● **Information supplied**
_ _ _ _ _ _ _
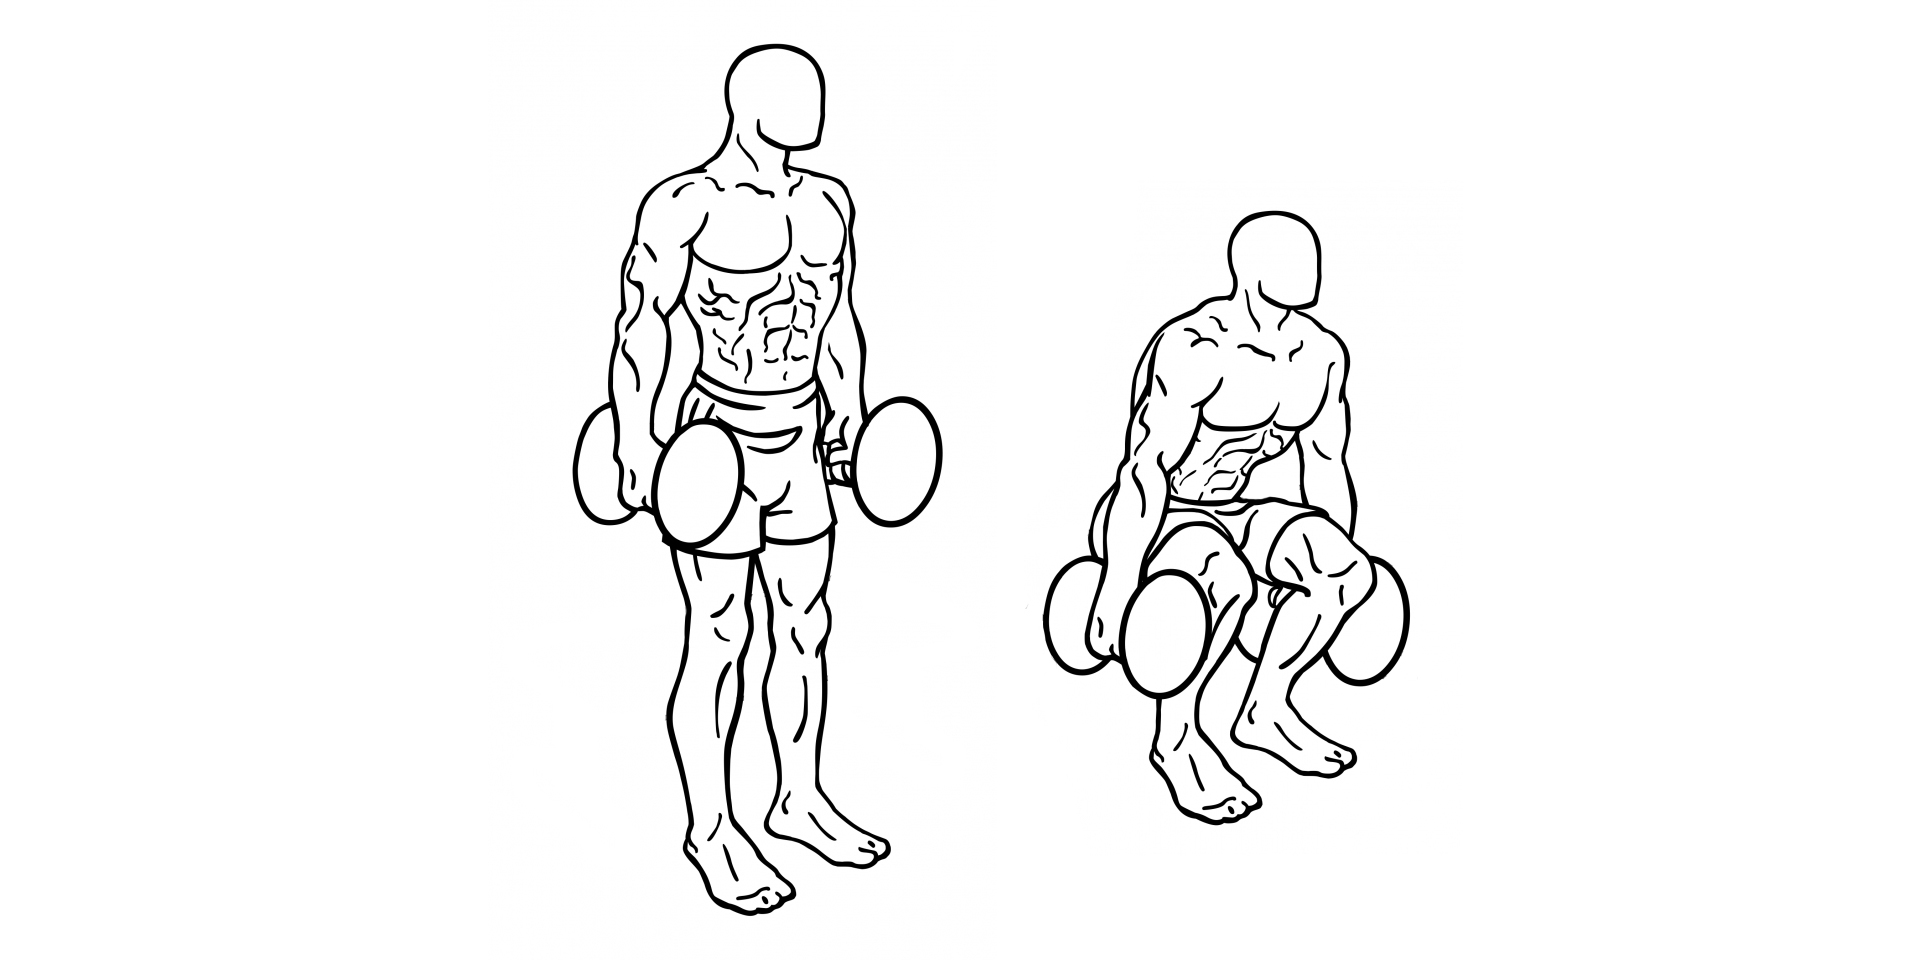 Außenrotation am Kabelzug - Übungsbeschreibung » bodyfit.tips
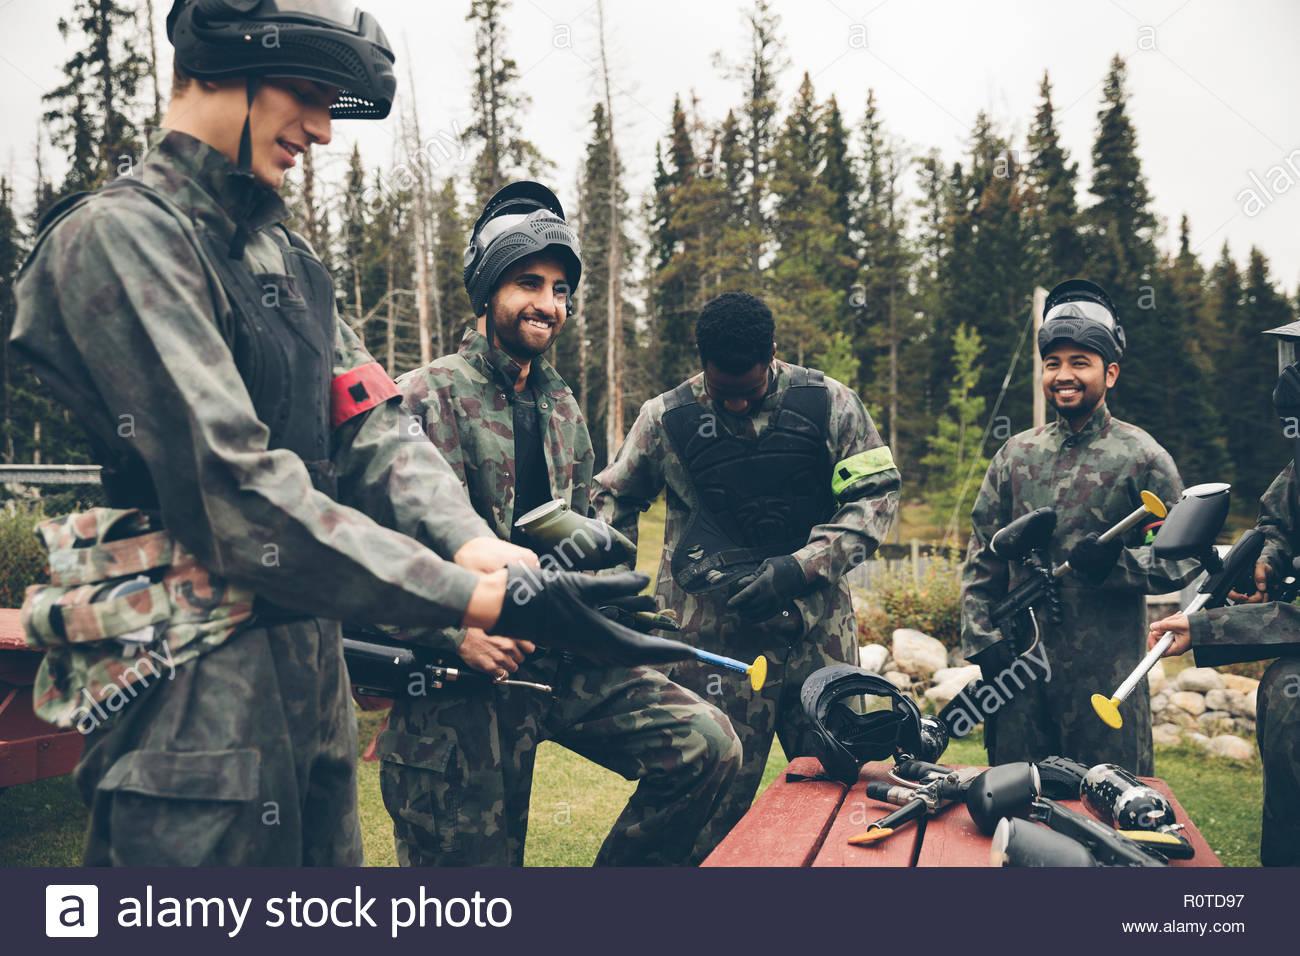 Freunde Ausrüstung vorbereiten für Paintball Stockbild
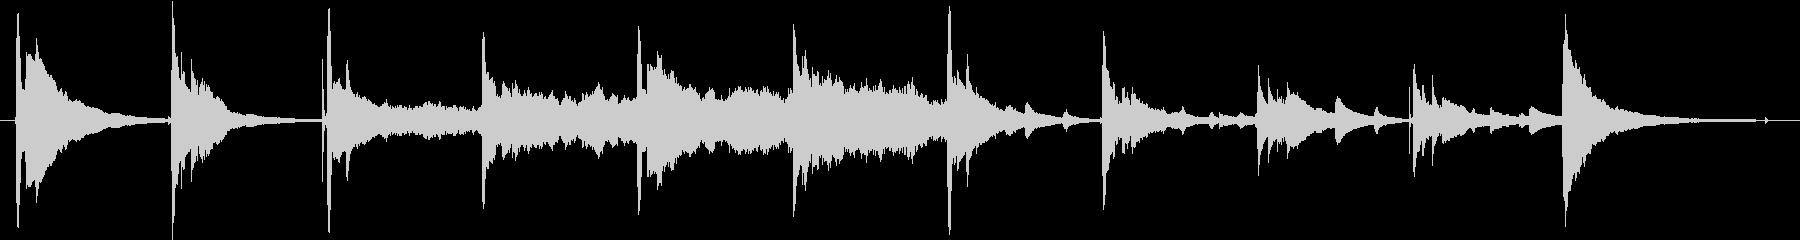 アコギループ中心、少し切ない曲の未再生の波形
_ _ _ _ _ _ _
● **Exercise description**
Your task is to reproduce exactly the lines from the one that holds "Freunde Ausrüstung vorbereiten" to the last line of the listing, and only those, omitting the pictures.

● **Output of the task**
 Freunde Ausrüstung vorbereiten für Paintball Stockbild
 アコギループ中心、少し切ない曲の未再生の波形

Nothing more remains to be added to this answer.